_WORK ORDER_. Return the lines of the data below, from the one containing "Canvas Pad, 9 x 12, 10 Sheets" through the very last, exactly and with both ends included; no pictures.

===== STORED DATA

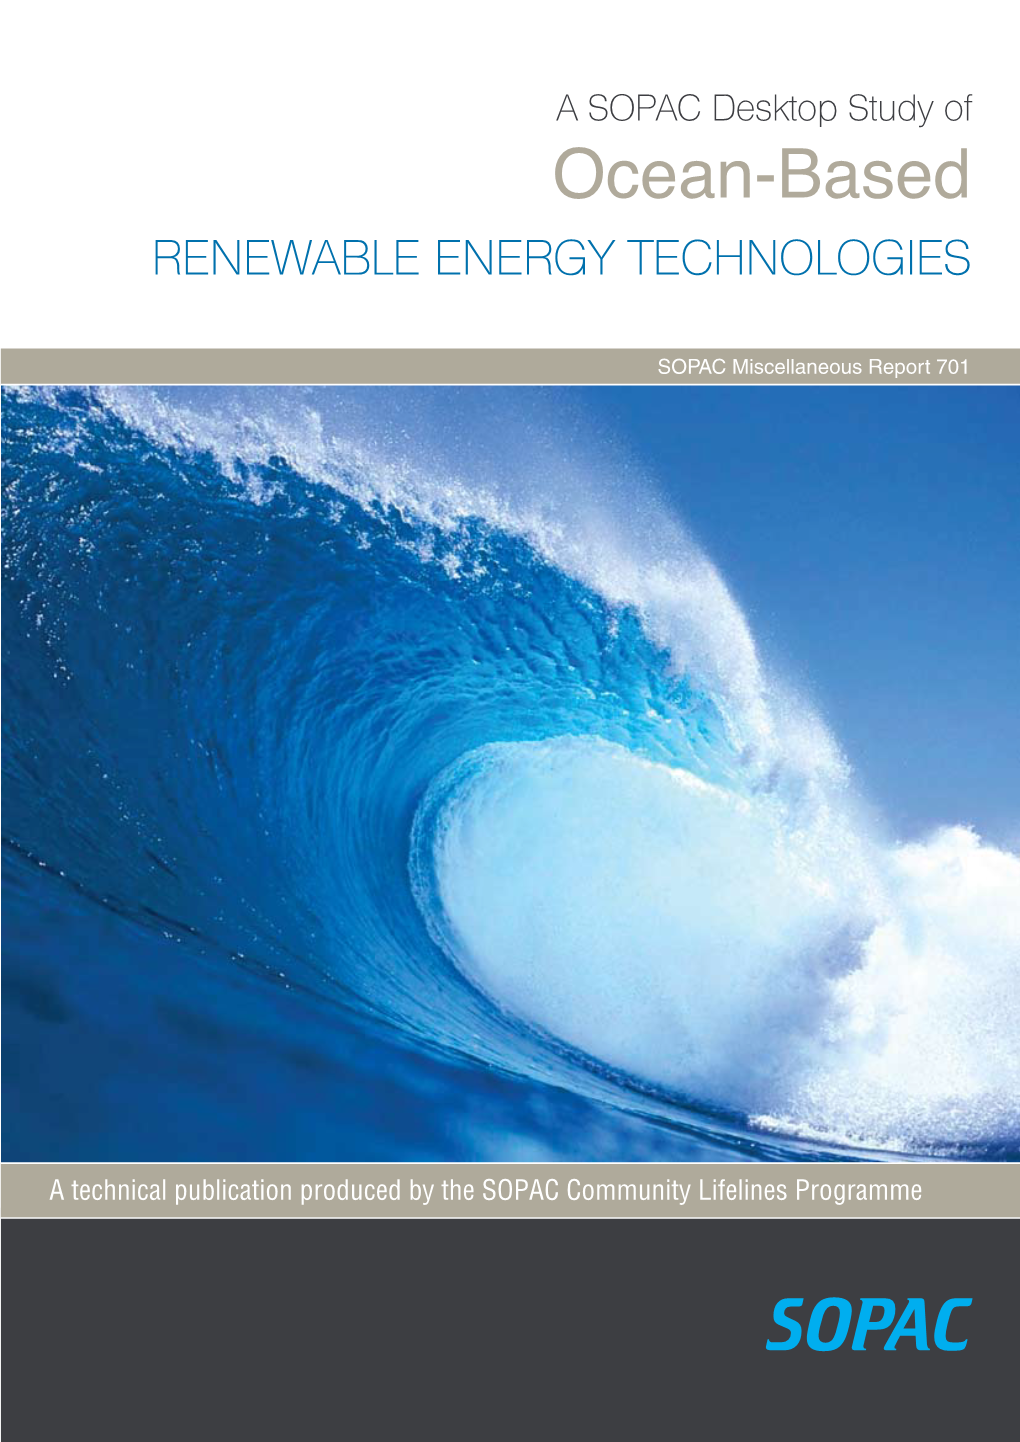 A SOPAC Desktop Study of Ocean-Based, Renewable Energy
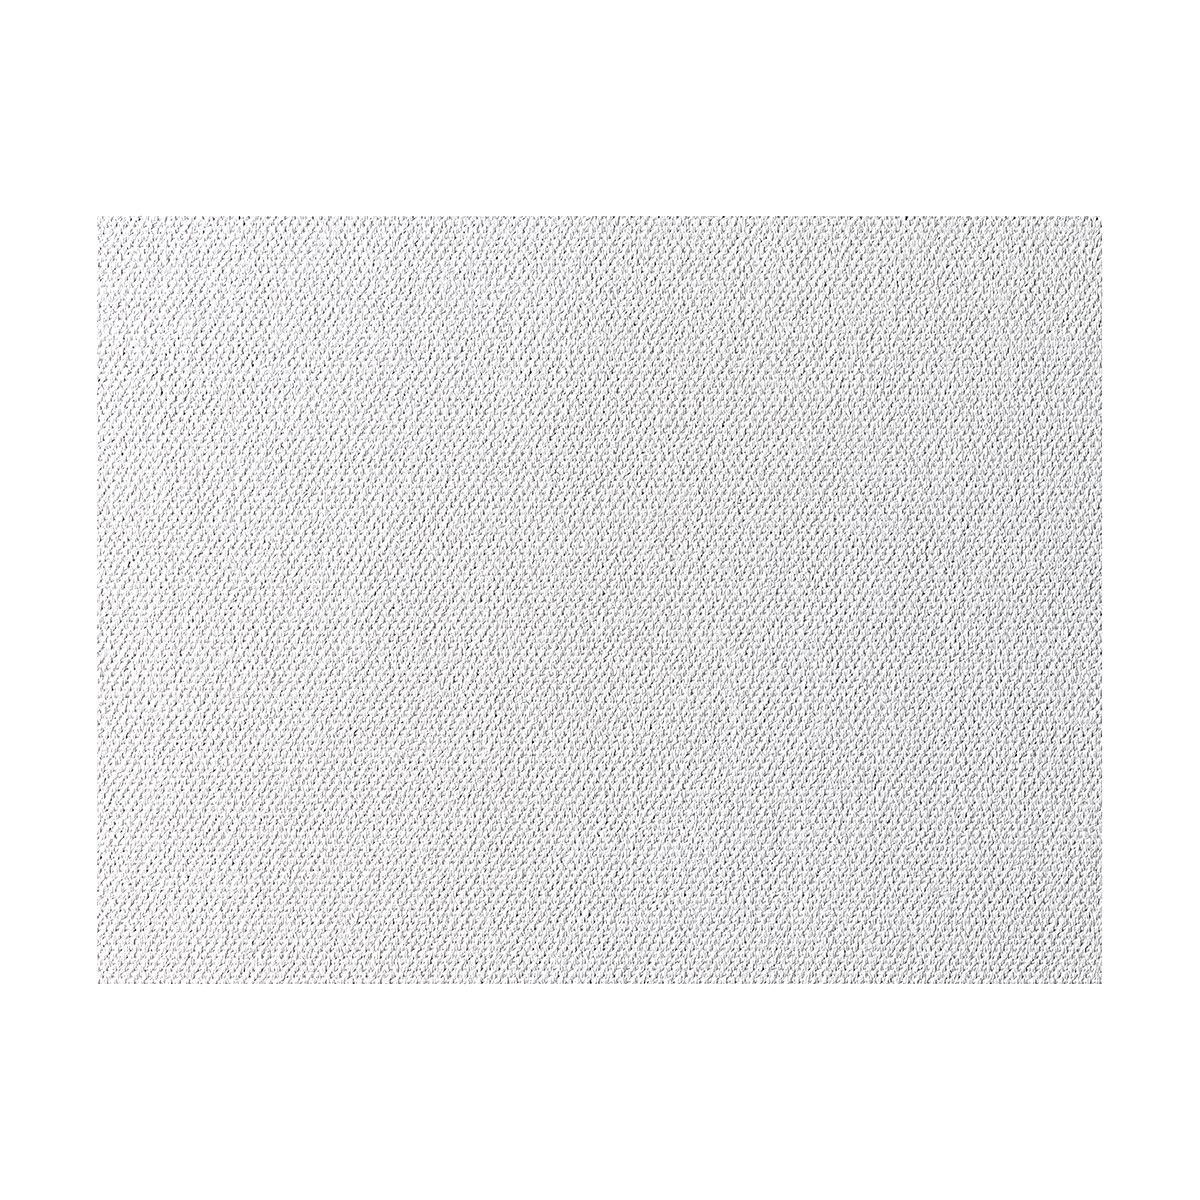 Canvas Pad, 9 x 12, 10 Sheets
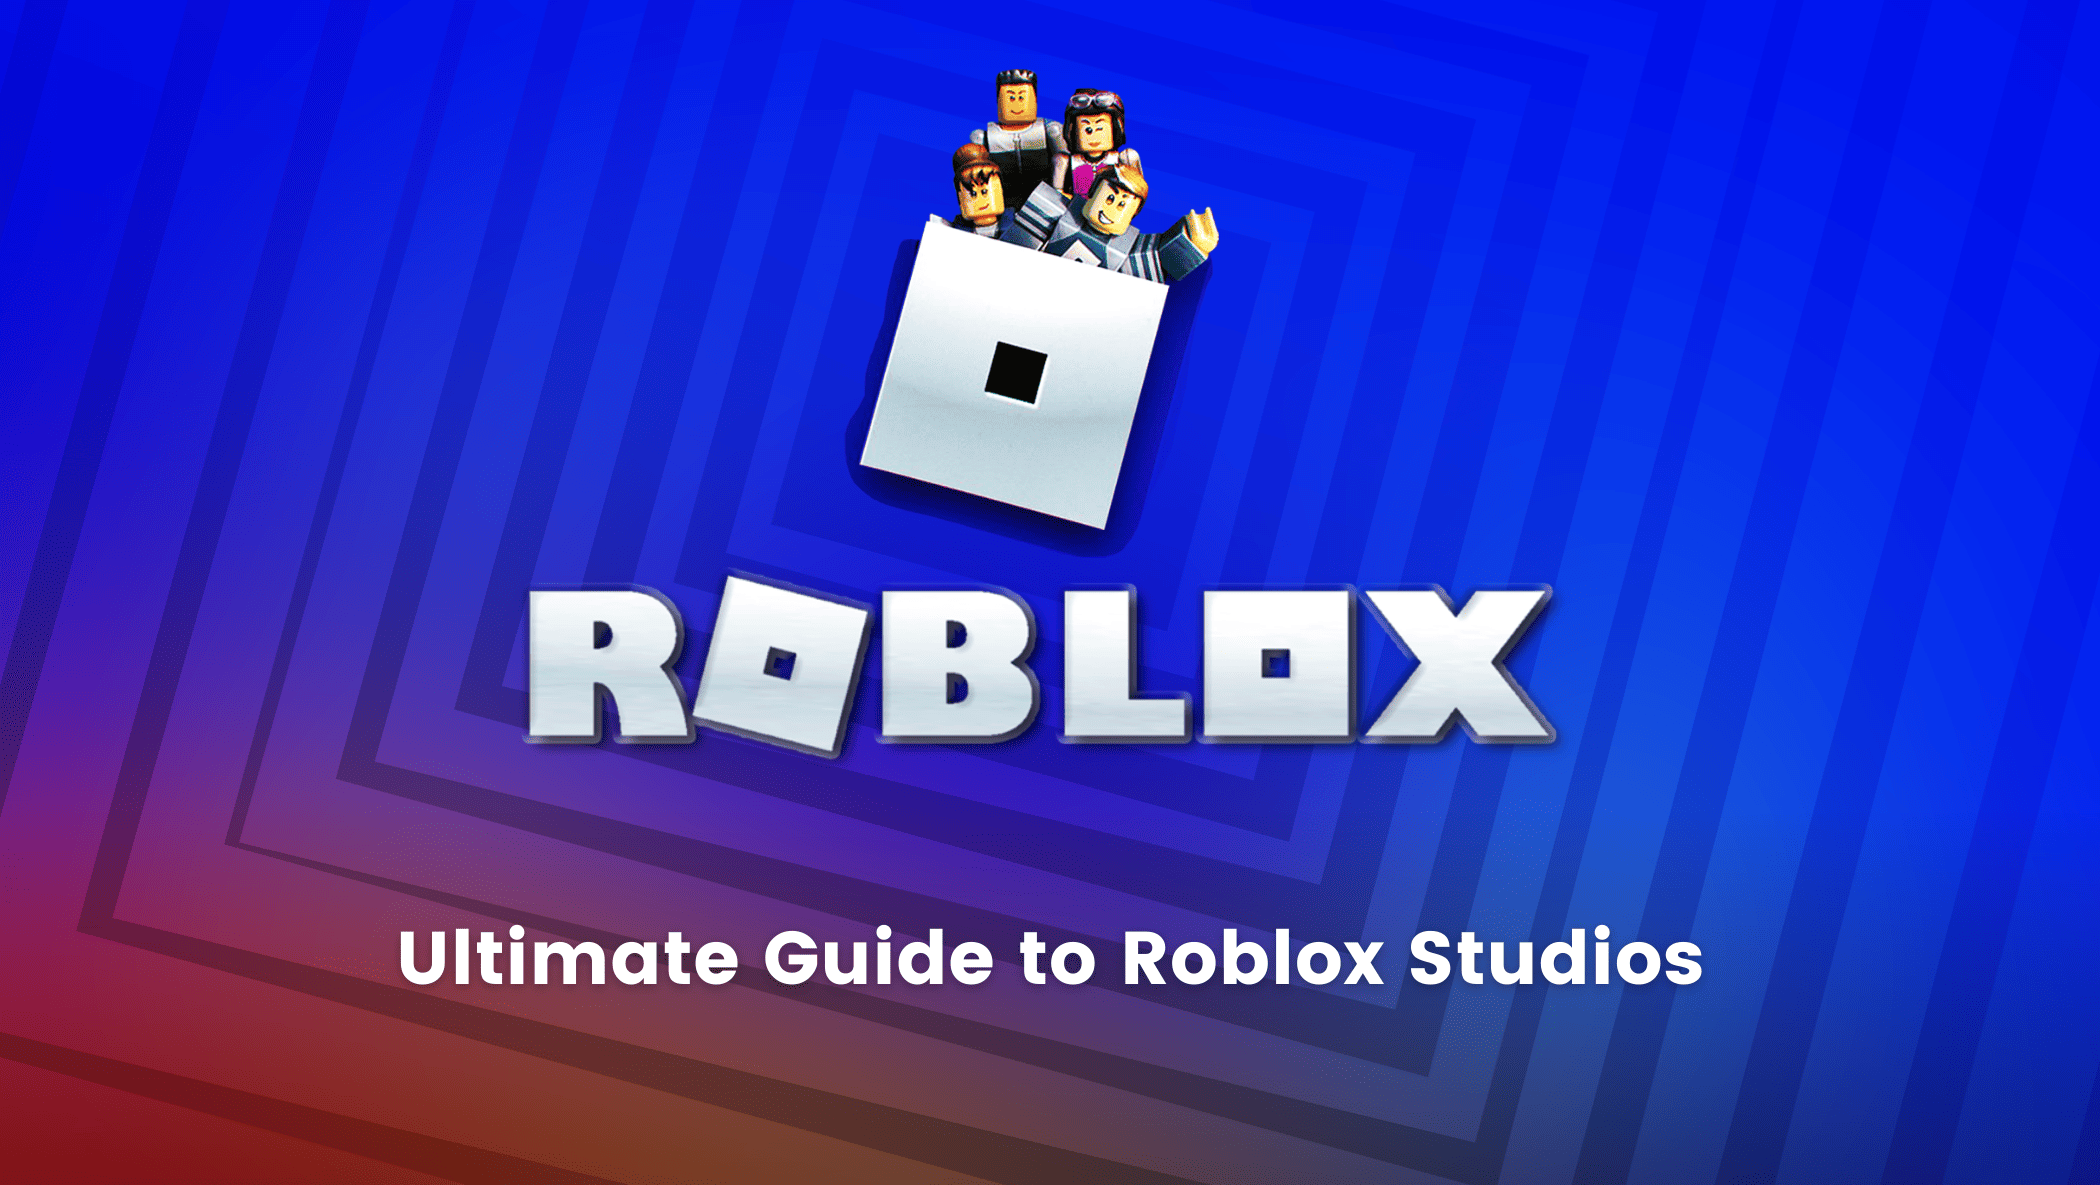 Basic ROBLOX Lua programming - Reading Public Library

==========

_REPLY TO THE TASK_.
 Canvas Pad, 9 x 12, 10 Sheets
 Basic ROBLOX Lua programming - Reading Public Library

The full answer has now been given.